We conclude with a few results from our graphs. Notably, most countries tend to buy cheap goods in low quantities. Denmark tends to have more goods which are bought in large quantities while Hong Kong and Singapore tend to buy few items that are at a higher price point. To get a better idea why Denmark has such large quantities we can try to search for Quantities that are very high.

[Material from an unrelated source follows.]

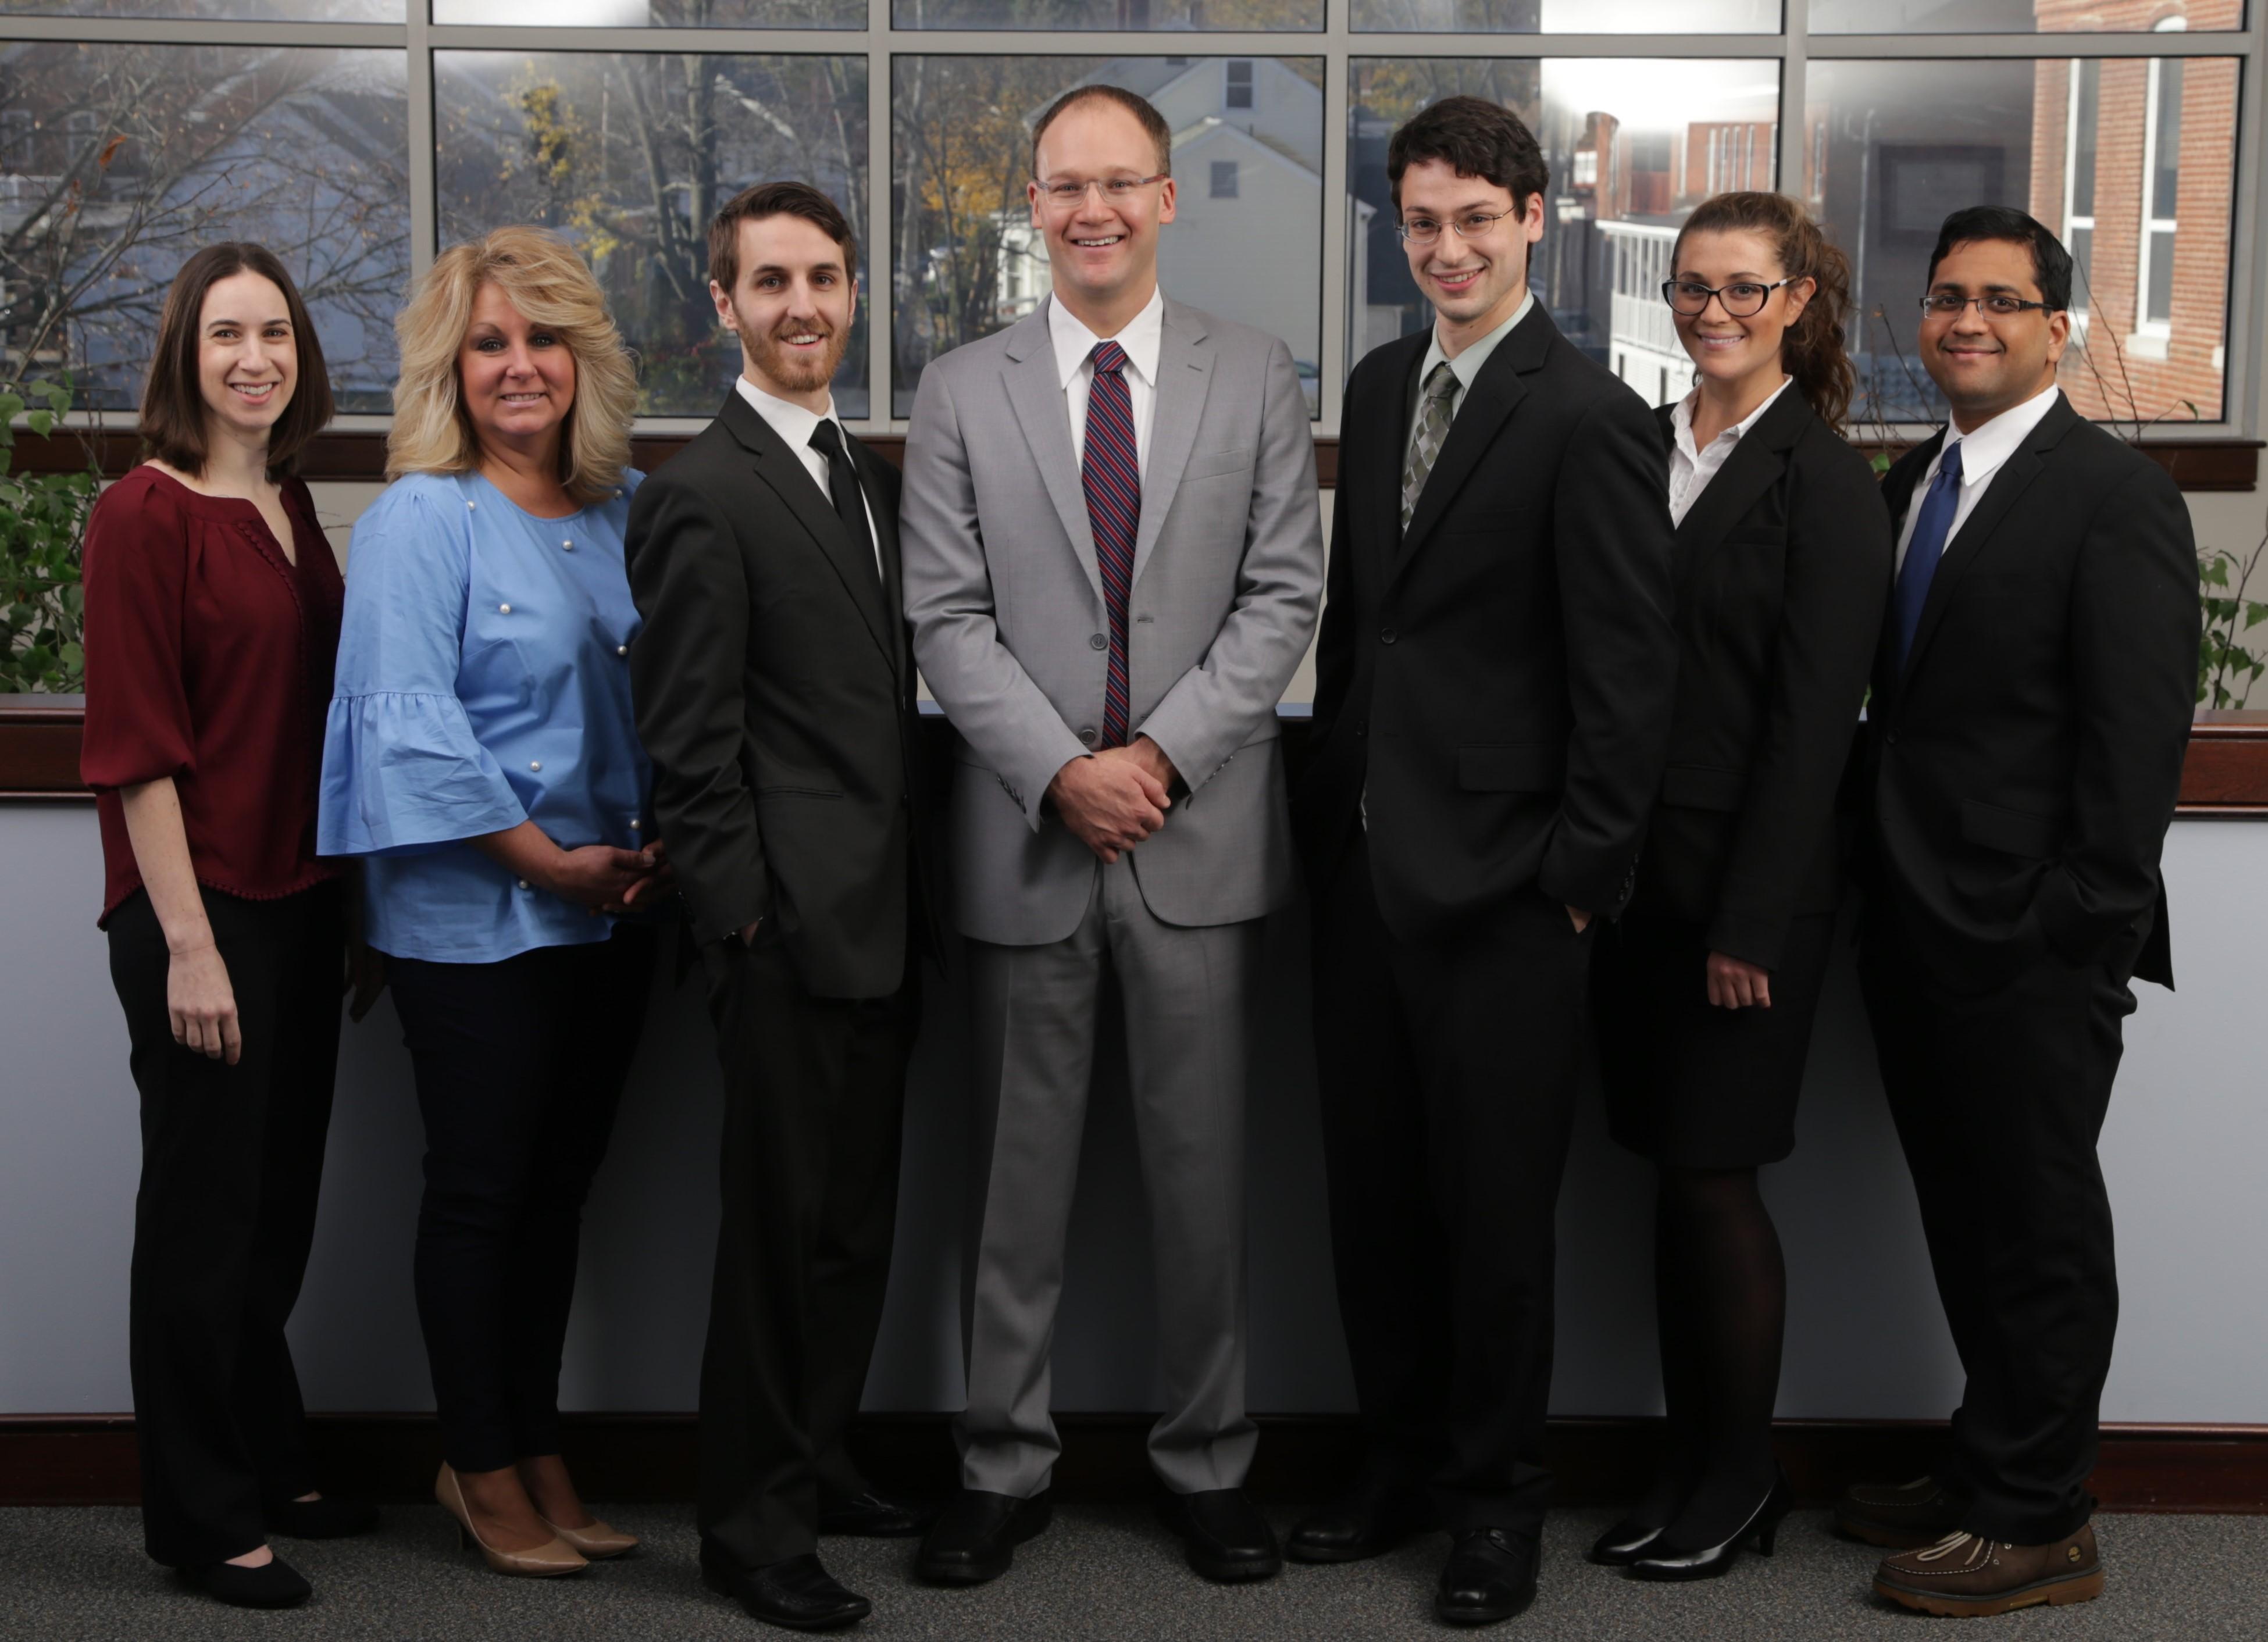 The Law Offices of Wyatt & Associates

One order with some very high quantities include Invoice 495194 which we include below:
mydata[mydata$Invoice == "495194",]
## # A tibble: 15 x 8
## Invoice StockCode Description Quantity InvoiceDate Price
## <chr> <chr> <chr> <dbl> <dttm> <dbl>
## 1 495194 37410 BLACK AND ~ 6012 2010-01-21 15:11:00 0.1
## 2 495194 16051 TEATIME PE~ 866 2010-01-21 15:11:00 0.06
## 3 495194 16044 POP-ART FL~ 6144 2010-01-21 15:11:00 0.06
## 4 495194 21702 SET 5 MINI~ 2040 2010-01-21 15:11:00 0.3
## 5 495194 17109C FLOWER FAI~ 2520 2010-01-21 15:11:00 0.15
## 6 495194 17109B FLOWER FAI~ 3888 2010-01-21 15:11:00 0.15
## 7 495194 16254 TRANSPAREN~ 864 2010-01-21 15:11:00 0.25
## 8 495194 20889 JARDIN DE ~ 408 2010-01-21 15:11:00 0.3
## 9 495194 20759 CHRYSANTHE~ 5280 2010-01-21 15:11:00 0.1
## 10 495194 20758 ABSTRACT C~ 4800 2010-01-21 15:11:00 0.1
## 11 495194 20757 RED DAISY ~ 4800 2010-01-21 15:11:00 0.1
## 12 495194 20756 GREEN FERN~ 5280 2010-01-21 15:11:00 0.1
## 13 495194 20755 BLUE PAISL~ 4320 2010-01-21 15:11:00 0.1
## 14 495194 20991 JAZZ HEART~ 6768 2010-01-21 15:11:00 0.1
## 15 495194 20993 JAZZ HEART~ 9312 2010-01-21 15:11:00 0.1
## # ... with 2 more variables: `Customer ID` <dbl>, Country <chr>
Clearly these values are quite large and are undoubtedly a factor in the large average Quantity for Denmark. From a company perspective it could be beneficial to be aware of some of these bulk buyers. For our own analysis it may be worth double checking our order cancellations to ensure that such a large order is not unfairly biasing our results. In conclusion, we are able to get nice visuals and group countries by Quantity and Price. This is great and we may think that we could just draw circles without the extra statistical analysis, but in general visualization may be very challenging with a higher number of variables and k-means will still work just as well!